Founders, Prophets and Saints
2. Every Prophet and Saint Endured Hardships and Rejection
Teachings of Rev. Sun Myung Moon
Of all the people throughout history, there are four great saints worthy of reverence; they are Jesus, Mohammed, Confucius, and Buddha. Did they have big, fancy houses? Did they even live a settled life in a village? No, wherever they went they were persecuted, despised and driven out. Jesus said, “Foxes have holes, and birds of the air have their nests, but the Son of Man has nowhere to lay his head.” Is that a characteristic of a great man?
During his time Confucius was called a “homeless, wandering dog,” as he put it, because he had to beg for food while traveling from place to place. The Buddha was born into a palace as a great prince, but he gave it all up for his spiritual quest, living as a hermit in the mountains, praying and searching for spiritual truth. None of these saints had a house to live in; they died without a nation. Yet today everyone considers them great. (115:14-16, October 25, 1981)
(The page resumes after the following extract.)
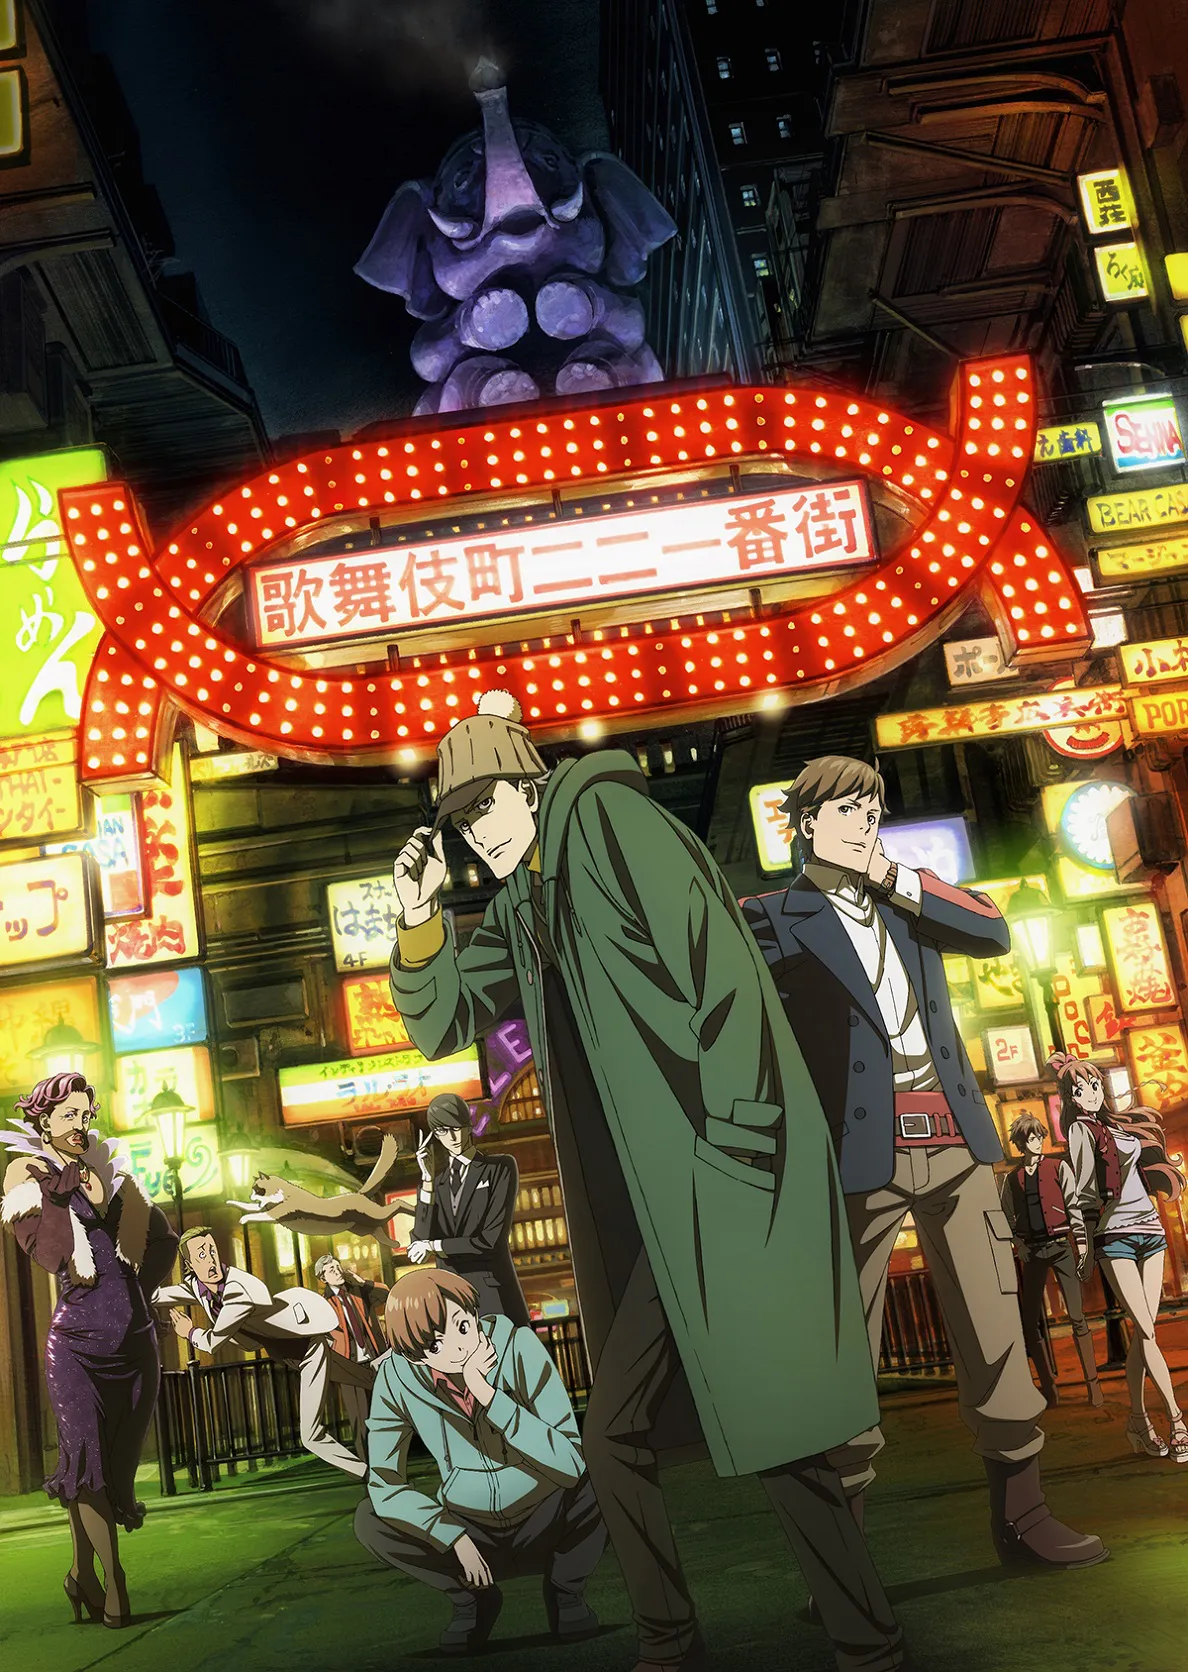 「歌舞伎町シャーロック」が2019年10月からMBS、TBSほか「アニメイズム」枠での放送が決定した

When a prophet spoke out strongly, warning the people not to follow the ways of the world, the people would say angrily, “That man is not one of us!” They would beat him and persecute him and cast him out from their midst. After much bitter rejection, the prophet would reach out to the failures of the world, to the crippled, the wounded, and those discarded by society. He would tell them of his mission as a prophet and describe how the people persecuted him and drove him out. Thus he would build relationships with those who were similarly rejected by society.
He would give hope to people in despair, telling them of a new world, one far better than the existing society of their day. They would naturally listen closely to the message, while the stylish and well-to-do people were nowhere to be seen. Only society’s rejects became his followers. None of the people with talent and good family backgrounds joined him because Satan took them all away. All that remained were those whose hearts were hurt and scarred. They were the ones with no ties to the world and who wished for a new world. They were the ones who responded to the prophet’s words of hope. (106:176-77, December 30, 1979)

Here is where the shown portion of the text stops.